Gommiswald
30.07.2019
31.07.2019 05:30 Uhr

Teure Sanierung in Gommiswald

Der Gemeindesaal von Gommiswald soll für 2.5 Millionen Franken saniert werden. Er entspreche in vieler Hinsicht nicht mehr den heutigen Anforderungen, schreibt Gemeindepräsident Peter Hüppi.

Vor rund 40 Jahren wurde in Gommiswald das Oberstufenschulhaus mit Einfachturnhalle und Hauswartwohnung sowie dem Gemeindesaal errichtet. Im Jahr 2009 wurde ein Sanierungs- und Erneuerungskonzept für die ganze Anlage erstellt.

In einer ersten Etappe wurden das Schulhaus und die Turnhalle energetisch saniert und erneuert. Nun soll die zweite Etappe mit der Sanierung des Gemeindesaals und deren Anpassung an die heutigen Anforderungen erfolgen.

Umfassende Sanierung: Von Wärmedämmung bis Bühnentechnik

Die eingesetzte Baukommission hat die Bedürfnisse und die Wünsche der verschiedenen Benutzer des Gemeindesaals abgeholt und die Projektplanung vorangetrieben. Nach einer ersten Kostenberechnung musste das Projekt in diversen Bereichen redimensioniert werden.

Die Gebäudehülle soll den beiden anderen, bereits sanierten, Gebäudekörpern des OSZ angeglichen und mittels Wärmedämmung und einer hinterlüfteten Schieferfassade ausgekleidet werden.

Die grossen Fenster an der Südfassade werden ausgewechselt und leicht nach aussen versetzt. Dadurch können Heizradiatoren mit Sitzbänken auf der Innenseite zwischen den Stützen platziert werden.

Im Jahr 2001 wurde das Dach bereits saniert. Aufgrund von Sondierungen wurde festgestellt, dass der Zustand des Daches nach wie vor gut ist und keine Massnahmen notwendig sind.

Die Bodenbeläge werden saniert und wo nötig ergänzt. Die Türfronten zwischen Foyer und Saal sollen durch flexible, schalldämmende Falttrennwände ersetzt werden. Die Wand- und Deckenbeläge in Holz werden erneuert, da diese für die Zugänglichkeit zu den verschiedenen Installationen demontiert werden müssen.

Die Saalküche wird mit den nötigen Einrichtungen für einen optimalen Betrieb aufgerüstet und mit einer Lüftungsdecke ergänzt. Die Lüftungsanlage im Gemeindesaal wird grösstenteils belassen, jedoch um den heutigen Anforderungen zu genügen, ergänzt.

Platz für 400 Personen

Die Elektroinstallationen werden instandgesetzt. Die Bühnentechnik wird auf einen neuen, benutzerfreundlichen Stand gebracht und mit einer neuen Beleuchtung bestückt. Dabei werden sicherheitstechnische Defizite behoben. Die sanitären Anlagen wurden erst vor Kurzem ersetzt und befinden sich daher in gutem Zustand. Lediglich in der Künstlergarderobe werden die Lavabos ersetzt und die Dusche entfernt.

Der Lagerraum unter der Aussentreppe neben dem Eingang ist undicht und muss abgedichtet werden. Die gesamte Treppe muss ebenfalls erneuert werden. Der ungenutzte Brunnen beim Eingang zum Probelokal wird entfernt und durch einen einfachen Aussenwasserhahn ersetzt. Zusätzlich werden im Bereich des Eingangs Aussensteckdosen angebracht um einen Betrieb im Freien zu vereinfachen.

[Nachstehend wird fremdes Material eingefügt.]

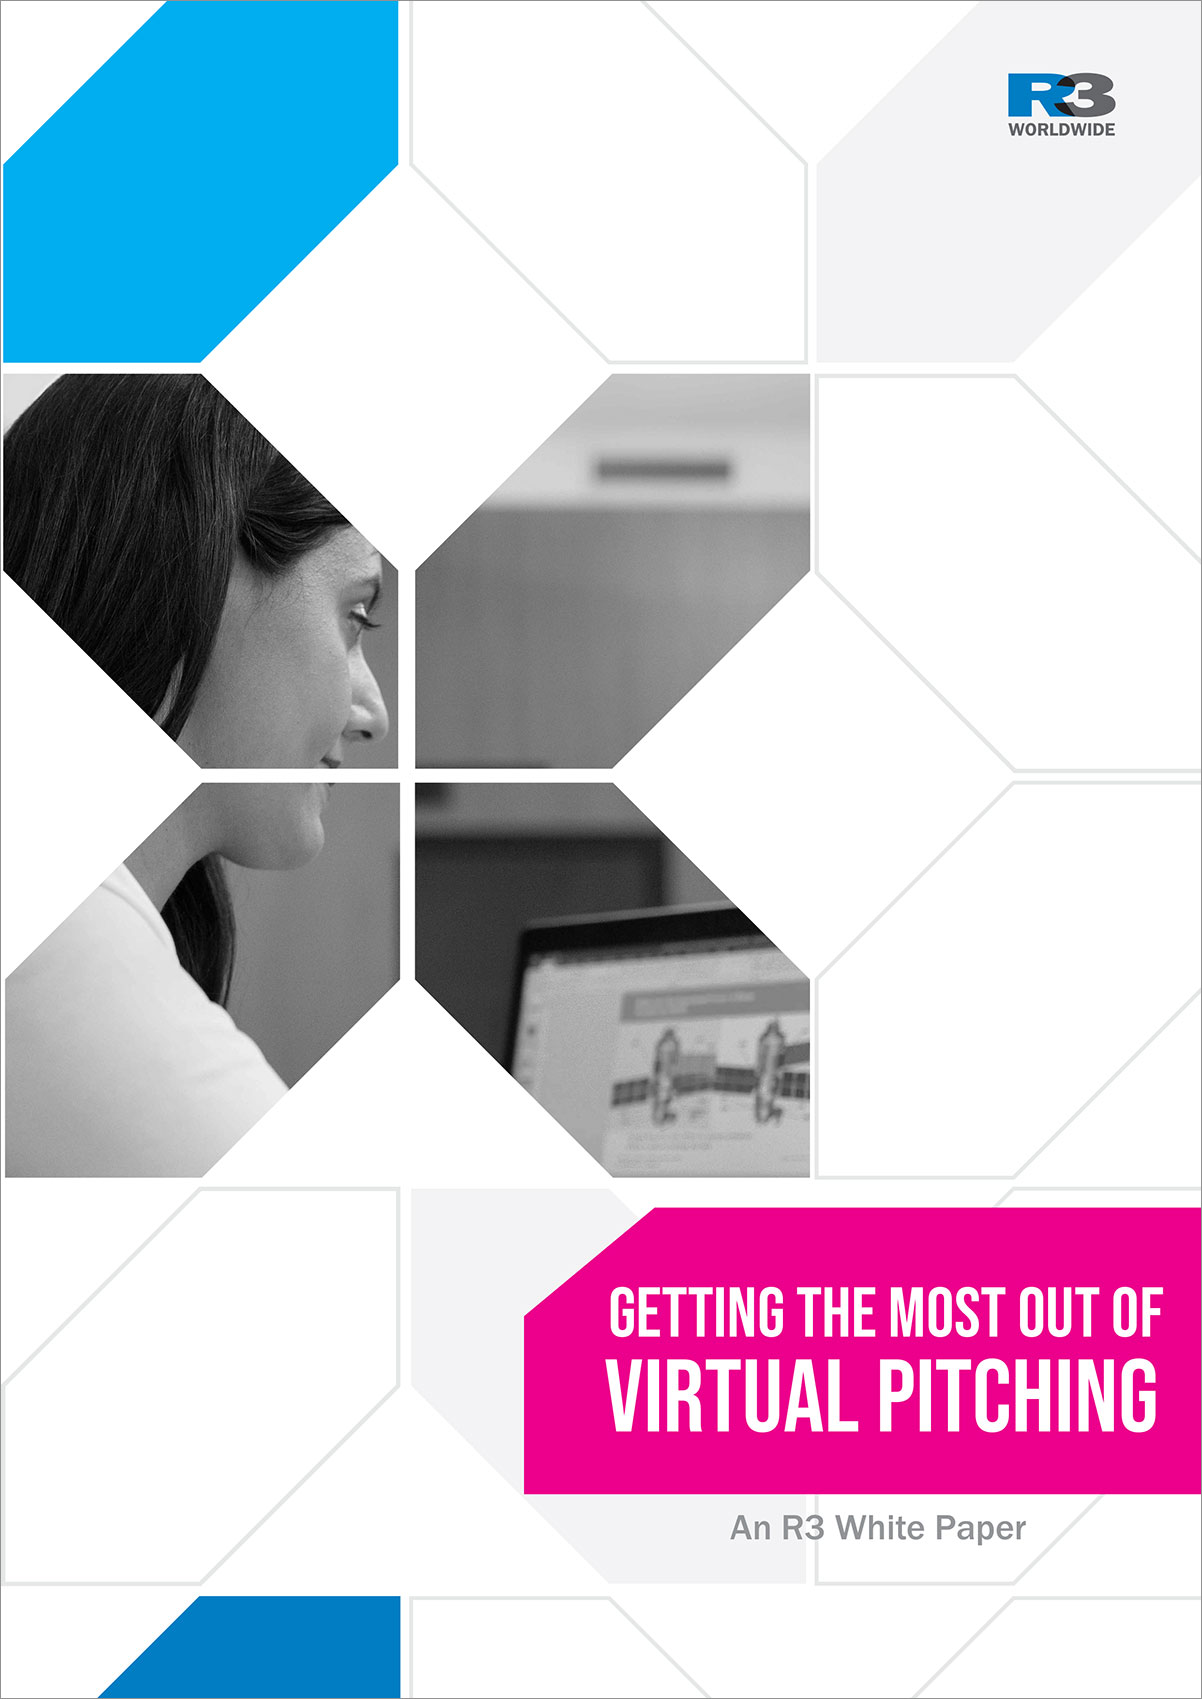 Getting the Most Out of Virtual Pitching

Im Zuge der Instandsetzungsarbeiten erfolgt auch die Anpassung des Brandschutzkonzeptes nach neusten Brandschutzrichtlinien. Mit zusätzlicher Notausgangstüre in der grossen Fensterfront, Rauch- und Wärmeabzügen dürfen zukünftig maximal 400 Personen aufgenommen werden.

Bürgerversammlung im November

Die projektierten Kosten für die Sanierung belaufen sich auf 2.49 Mio. Franken. Der Kredit soll anlässlich der Bürgerversammlung vom 21. November 2019 eingeholt werden. Am 12. November 2019 wird das Projekt im Rahmen einer Vorversammlung detailliert vorgestellt.

Bei Annahme des Kredites soll die Sanierung mit Beginn der Sommerferien im Jahr 2020 begonnen und bis Ende der Herbstferien 2020 abgeschlossen werden.